**TASK OBJECTIVE:** Take the lines from the beginning of the material through the line containing "Kleid gestreift mit" and retype them exactly, leaving the pictures out.

===== DATA SEGMENT =====

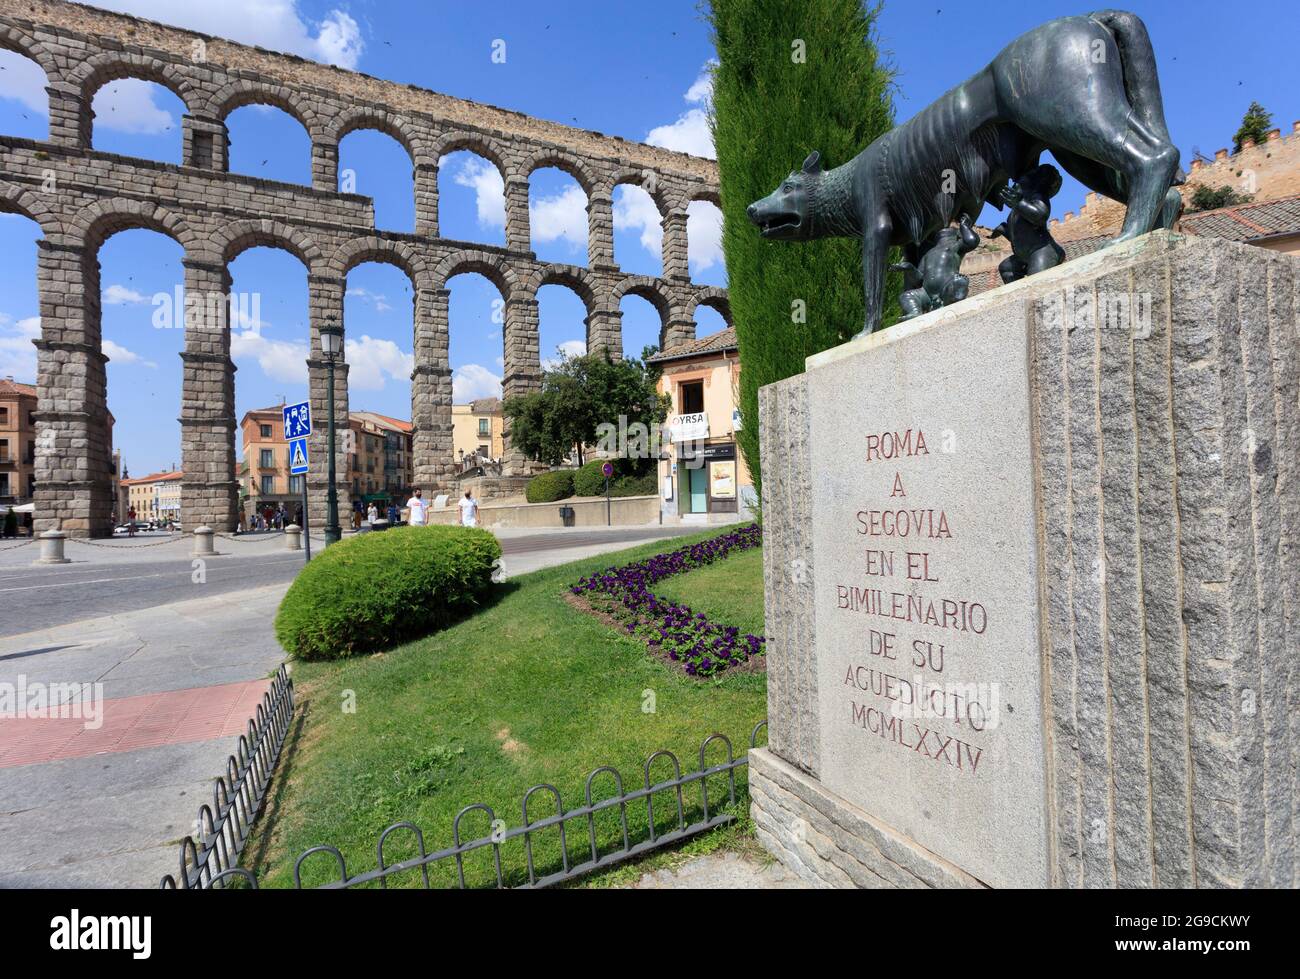 L'acquedotto di Segovia, un monumento romano dichiarato dall'UNESCO patrimonio dell'umanità. Spagna Foto Stock
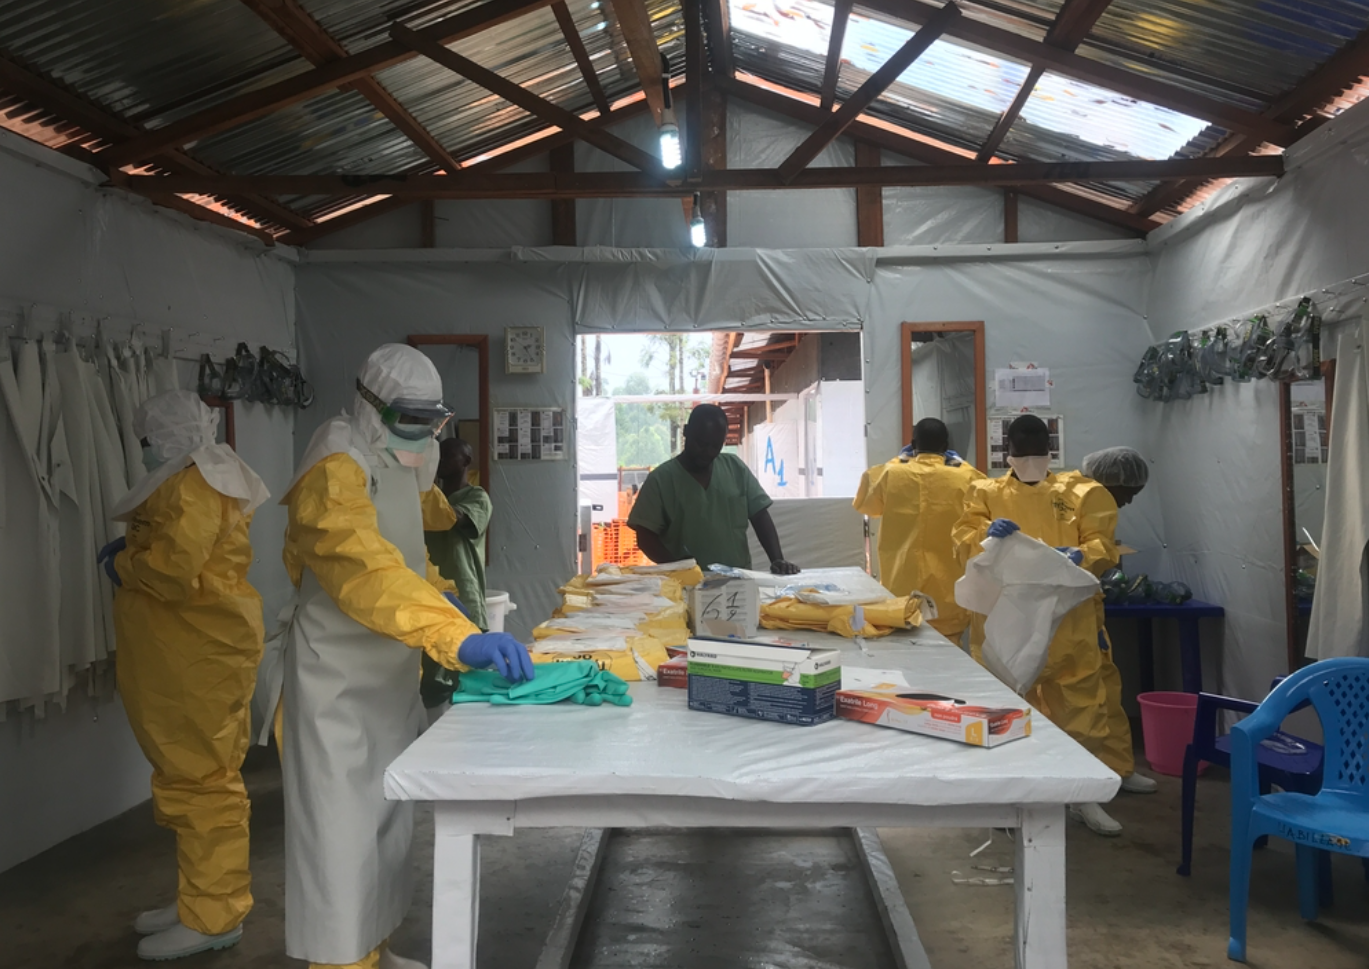 L’epidemia di ebola continua in Congo. MSF incrementa gli interventi a sostegno dei malati (di C. Chiale, G. Fenoglio, L. Iemina, R. Giergji, S. Zemiti)
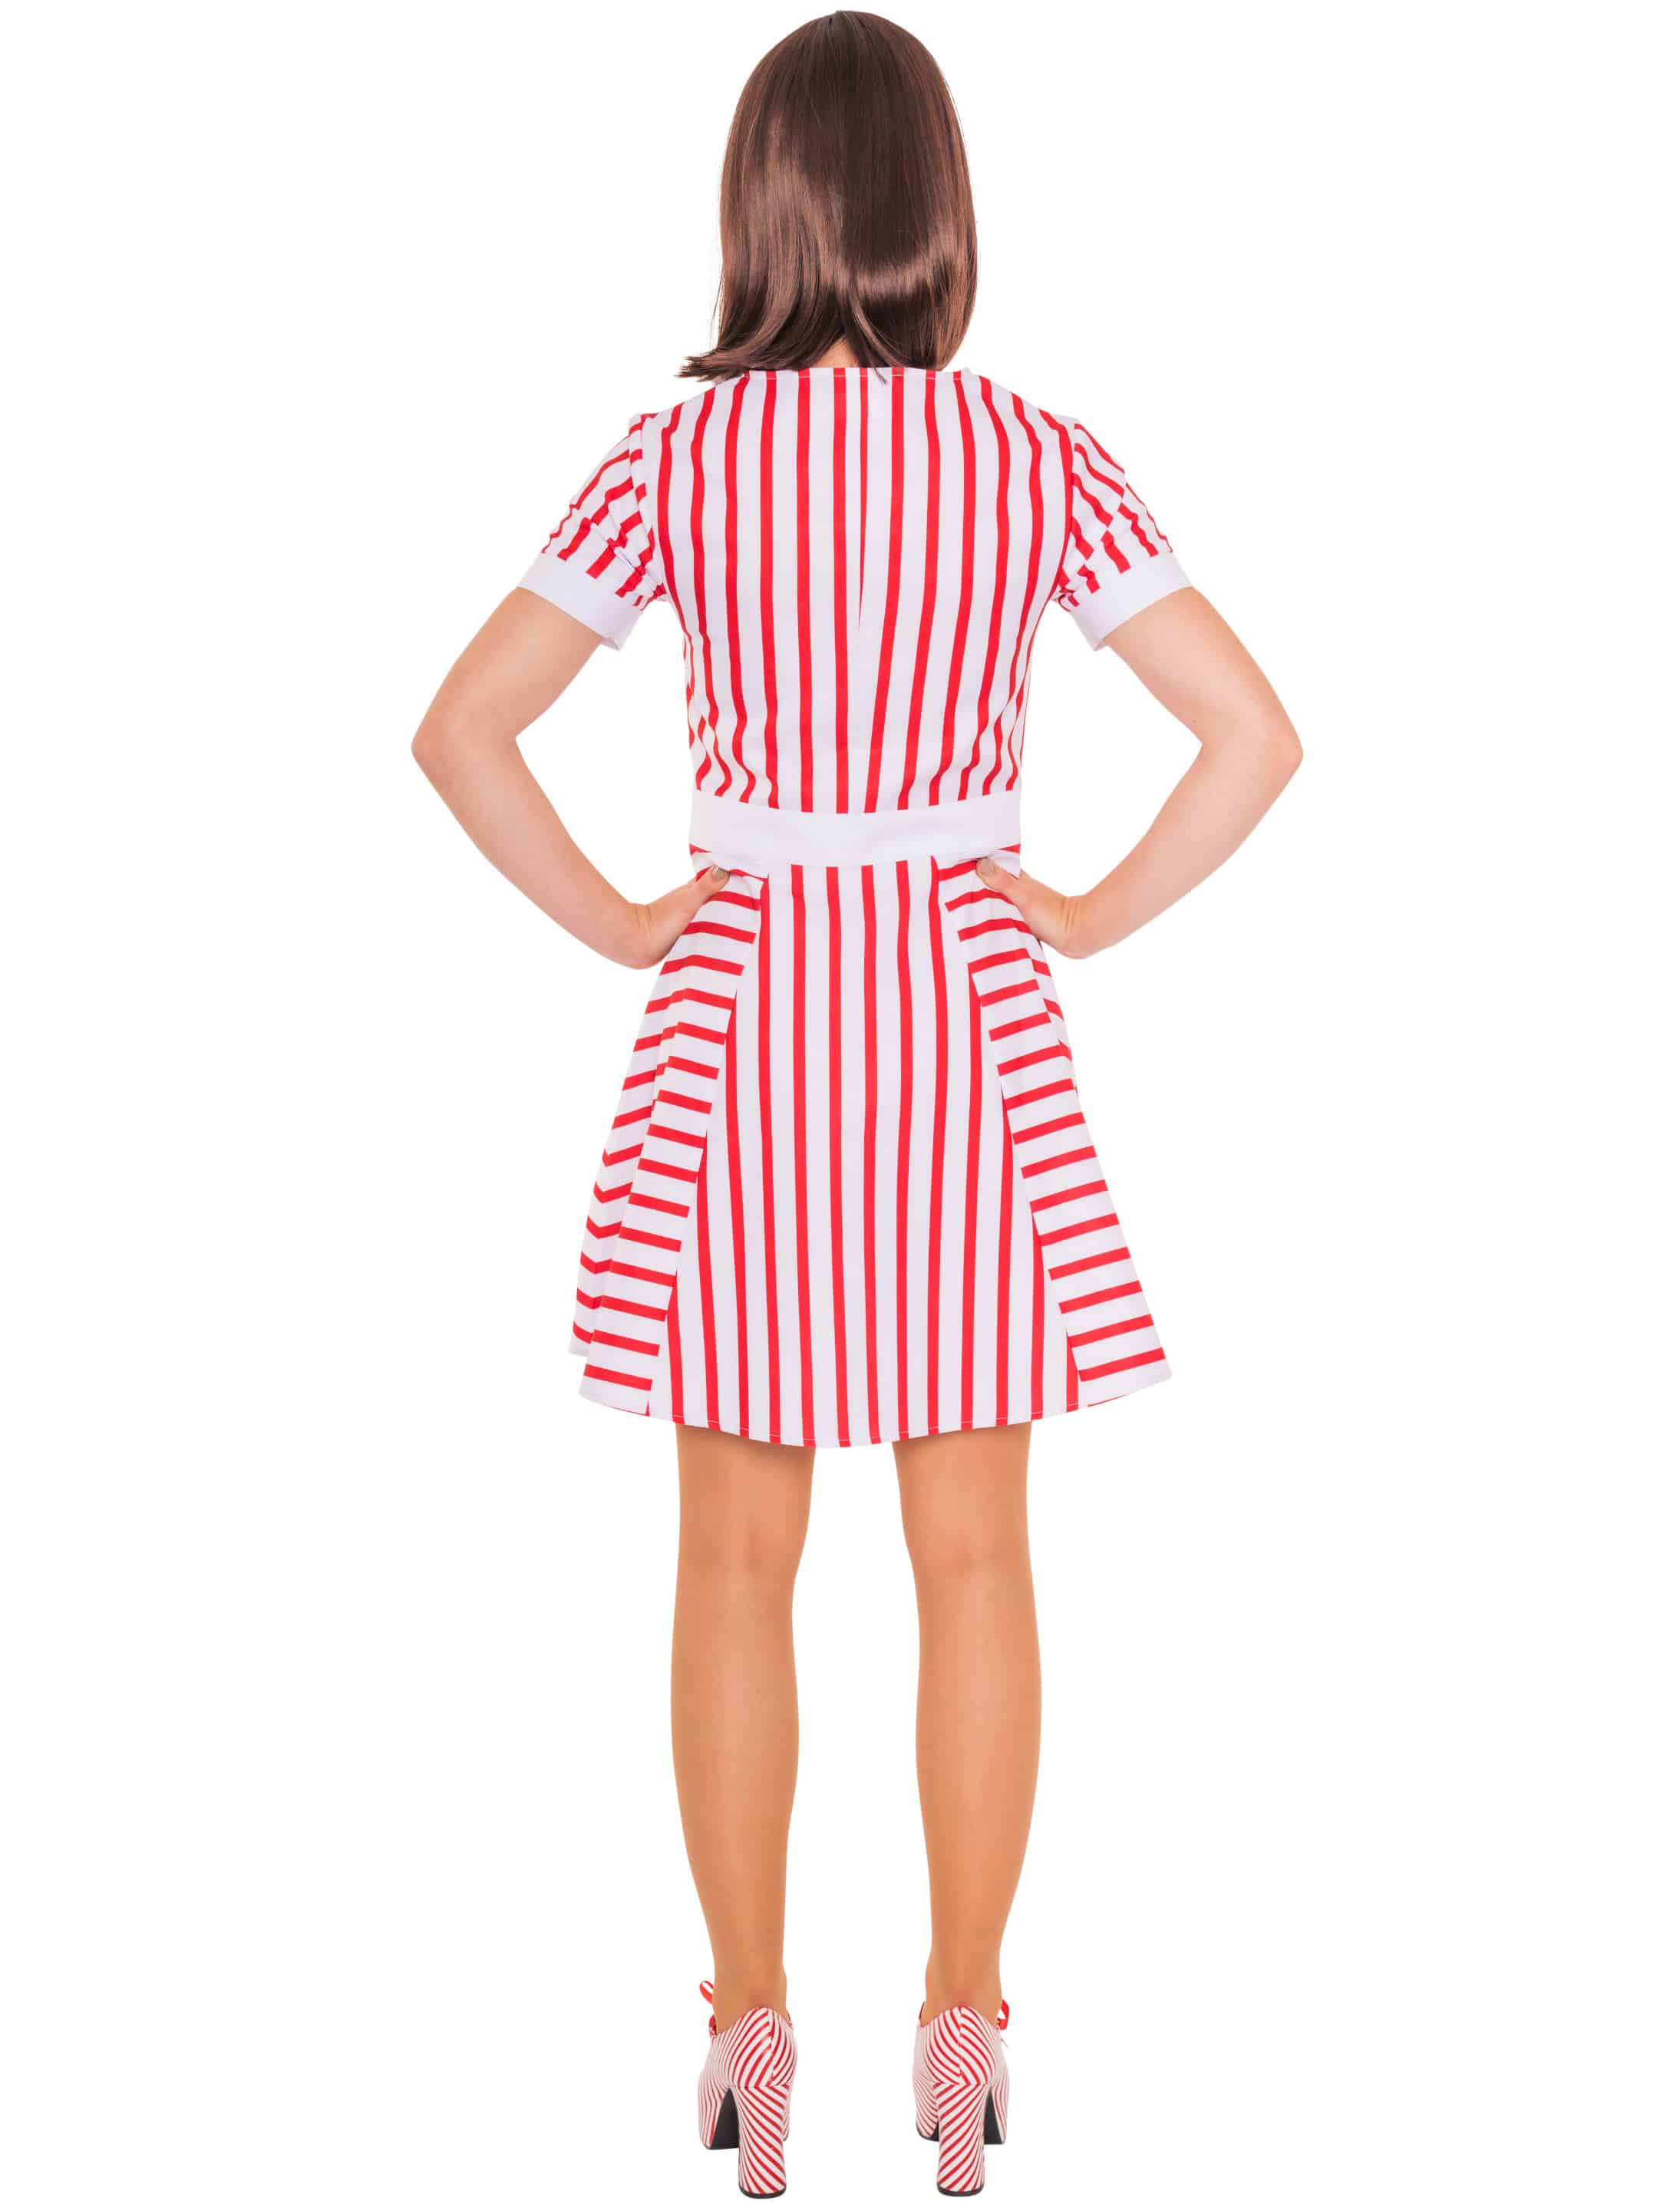 Kleid gestreift mit Kragen und Schürze rot/weiß L
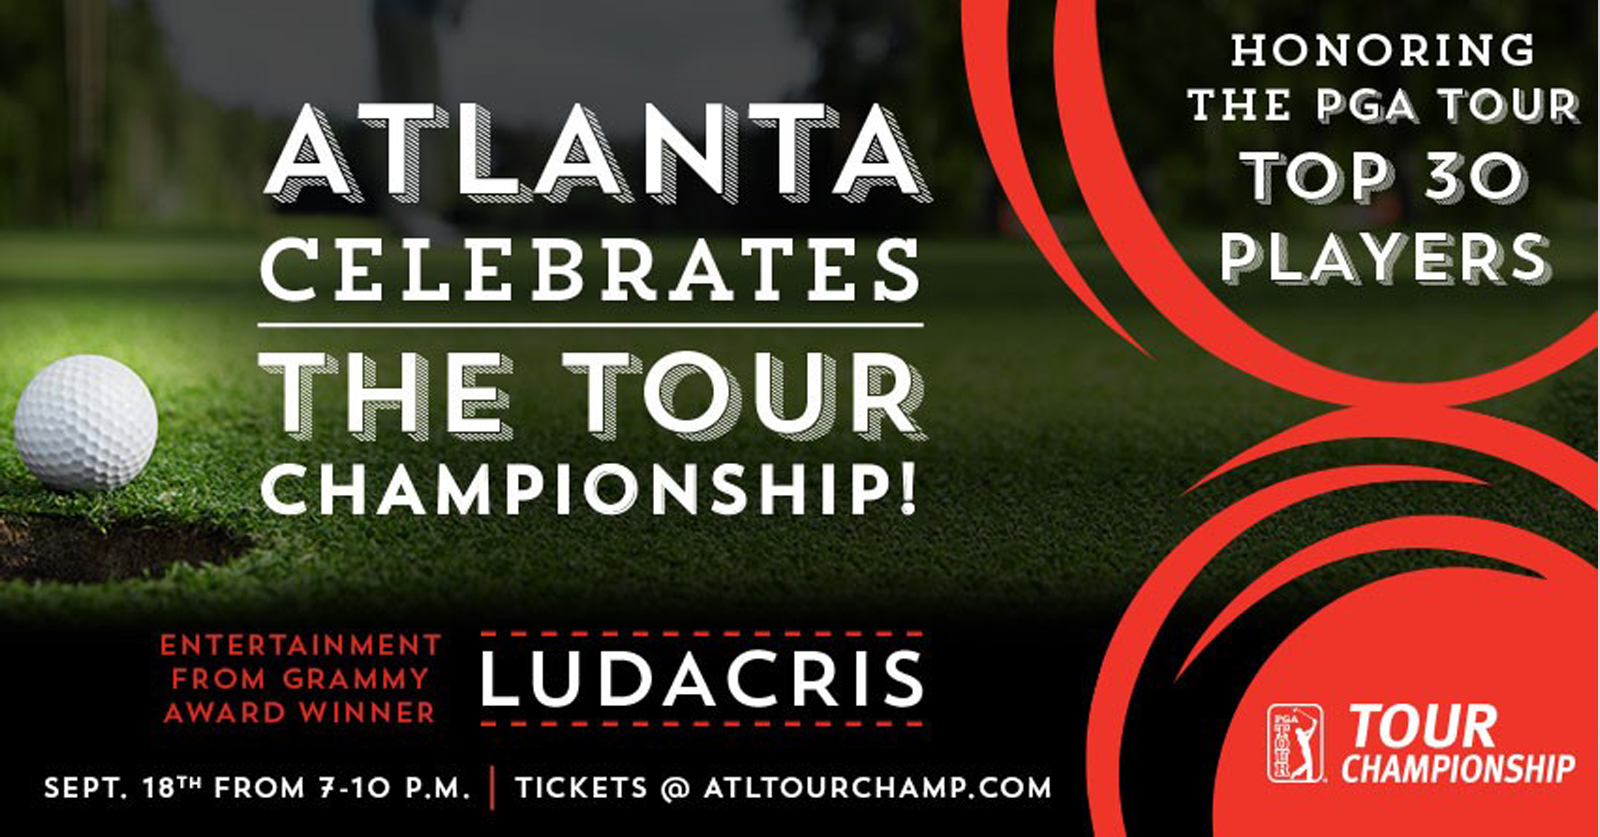 Atlanta Celebrates the TOUR Championship with Ludacris, a three-time Grammy award-winner. Image

=====

**SOLUTION TO THE EXERCISE:**
 L'acquedotto di Segovia, un monumento romano dichiarato dall'UNESCO patrimonio dell'umanità. Spagna Foto Stock
 L’epidemia di ebola continua in Congo. MSF incrementa gli interventi a sostegno dei malati (di C. Chiale, G. Fenoglio, L. Iemina, R. Giergji, S. Zemiti)
 Kleid gestreift mit Kragen und Schürze rot/weiß L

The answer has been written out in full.